Concept to Code: Building Blocks of ML Script

·

In last post we created a setup for Machine learning project and in this part we move on with writing code- importing model from library and configuring hyperparameters for the same

Configuring a Scikit-learn Model for Training

from sklearn.metrics import accuracy_score, precision_score, recall_score, f1_score
from sklearn.ensemble import RandomForestClassifier
import xgboost as xgb
import lightgbm as lgb
import mlflow


class ModelDeployment:
    defclass ModelTrainer:
    def __init__(self):
        self.models = {
            'random_forest': RandomForestClassifier(
                n_estimators=100,# A Random Forest builds multiple decision trees, 
                                 # and n_estimators dictates how many individual trees will be 
                                 # constructed and averaged (or voted upon) for the final prediction. 
                                 # More trees generally lead to more robust models but also increase computation time.

                n_jobs=-1 # controls the number of CPU cores used for parallel processing. 
                          # A value of -1 means that the model will use all available CPU cores 
                          # to train the trees concurrently, which can significantly speed up the 
                          # training process on multi-core machines.
            ),
            'xgboost': xgb.XGBClassifier(
                n_estimators=100,
                n_jobs=-1
            ),
            'lightgbm': lgb.LGBMClassifier(
                n_estimators=100,
                n_jobs=-1,
                min_child_samples=20,
                min_split_gain=0.0,
                max_depth=15,
                num_leaves=31,
                learning_rate=0.1,
                colsample_bytree=0.8,
                subsample=0.8,
                reg_alpha=0.1,
                reg_lambda=0.1,
                verbose=-1
            )
        }
        self.results = {}

In the script, we are creating multiple models- random_forest, xgboost & lightgbm, each one of these can address classification problem.
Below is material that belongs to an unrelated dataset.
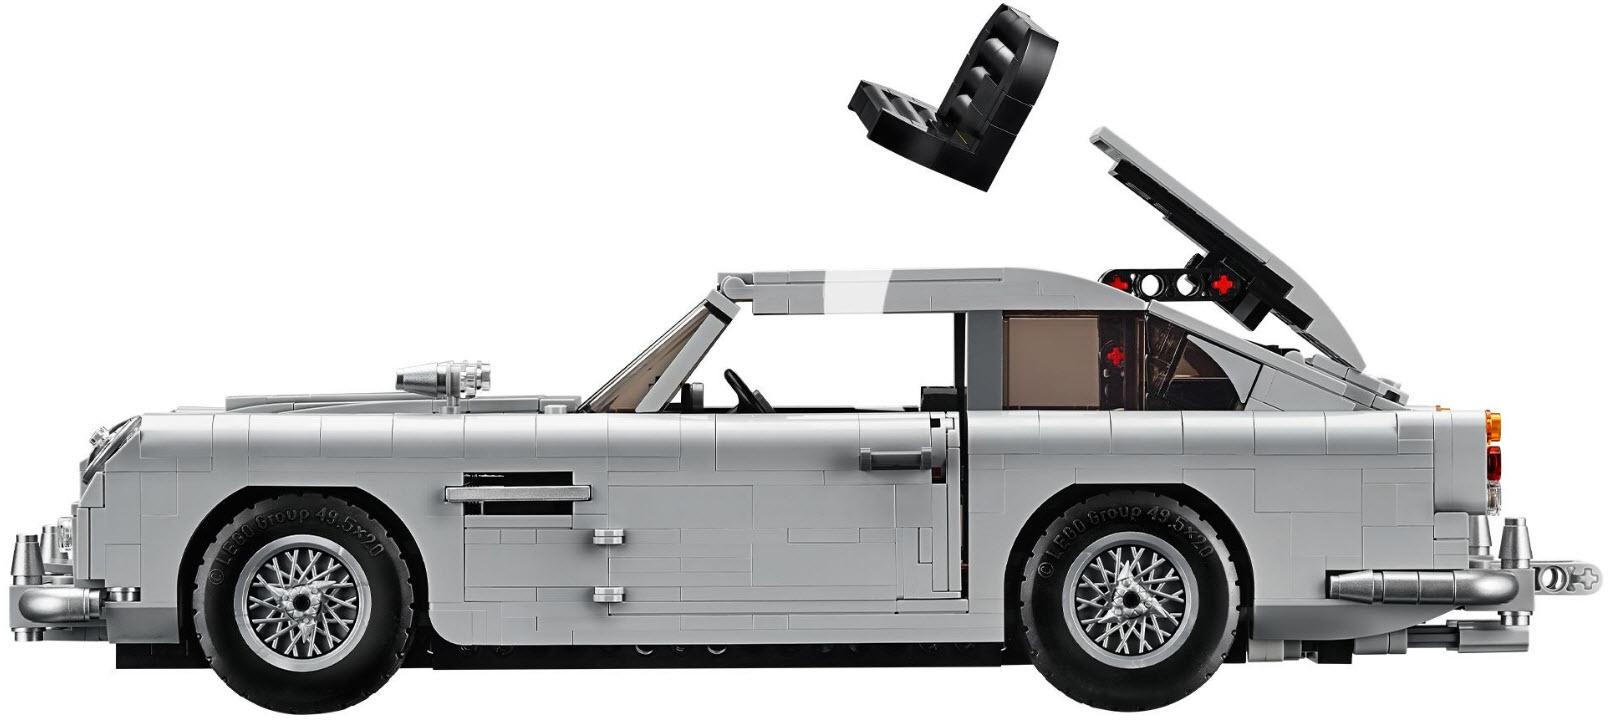 Lego Creator 10262 Aston Martin Günstig Kaufen Bei Valuebrick At

By training and evaluating multiple-models using same dataset, we’ll be able to compare the results of each of them and can get insights into the suitability of model for the target dataset and application.

During ML model creation from libraries, we configure specific settings called ‘hyperparameters’—these differ fundamentally from model parameters. Model parameters are learned and optimized through exposure to training data, whereas hyperparameters are predefined configurations that we manually set to control the algorithm’s learning behavior and process.

now taking a look again at the script portion-

            'lightgbm': lgb.LGBMClassifier(
                n_estimators=100,
                n_jobs=-1,
                min_child_samples=20,
                min_split_gain=0.0,
                max_depth=15,
                num_leaves=31,
                learning_rate=0.1,
                colsample_bytree=0.8,
                subsample=0.8,
                reg_alpha=0.1,
                reg_lambda=0.1,
                verbose=-1
            )

we can see a number of hyperparameter values set in the initialization of ml model lightgbm. we will cover each of these parameters and their values in some time, The current point of focus here is the significance of these hyperparameters in the quality of trained model at the end of training and how they are essential to the performance of the trained model to unseen or new data.

what is the correct “fit” in ML Model

Imagine we’ve trained and deployed a model. It achieves 99% accuracy on the training data, but performs poorly on new, unseen data. This likely indicates overfitting—the model has learned not just the underlying patterns, but also the noise and outliers specific to the training set. As a result, it struggles to generalize to new data where those same quirks don’t exist.

On the other hand, if the model is too simple or not trained enough to capture the patterns in the data, leading to poor performance on both training and test sets.

An overfitted model is similar to a student who has memorized answers to specific questions. If the exam repeats those exact questions, the student excels. But if the questions are even slightly different, their performance drops significantly.

An underfitted model is like a student who hasn’t studied enough or hasn’t understood the subject well. They try to answer exam questions using only the most basic concepts, regardless of the question’s complexity. As a result, perform poorly—not just on the exam, but even on practice questions they’ve already seen.

To prevent the model from going to either underfit or overfit zone, the model has to be

1. restrained from getting too complex and the dataset, &

2. increasing the quality of training dataset.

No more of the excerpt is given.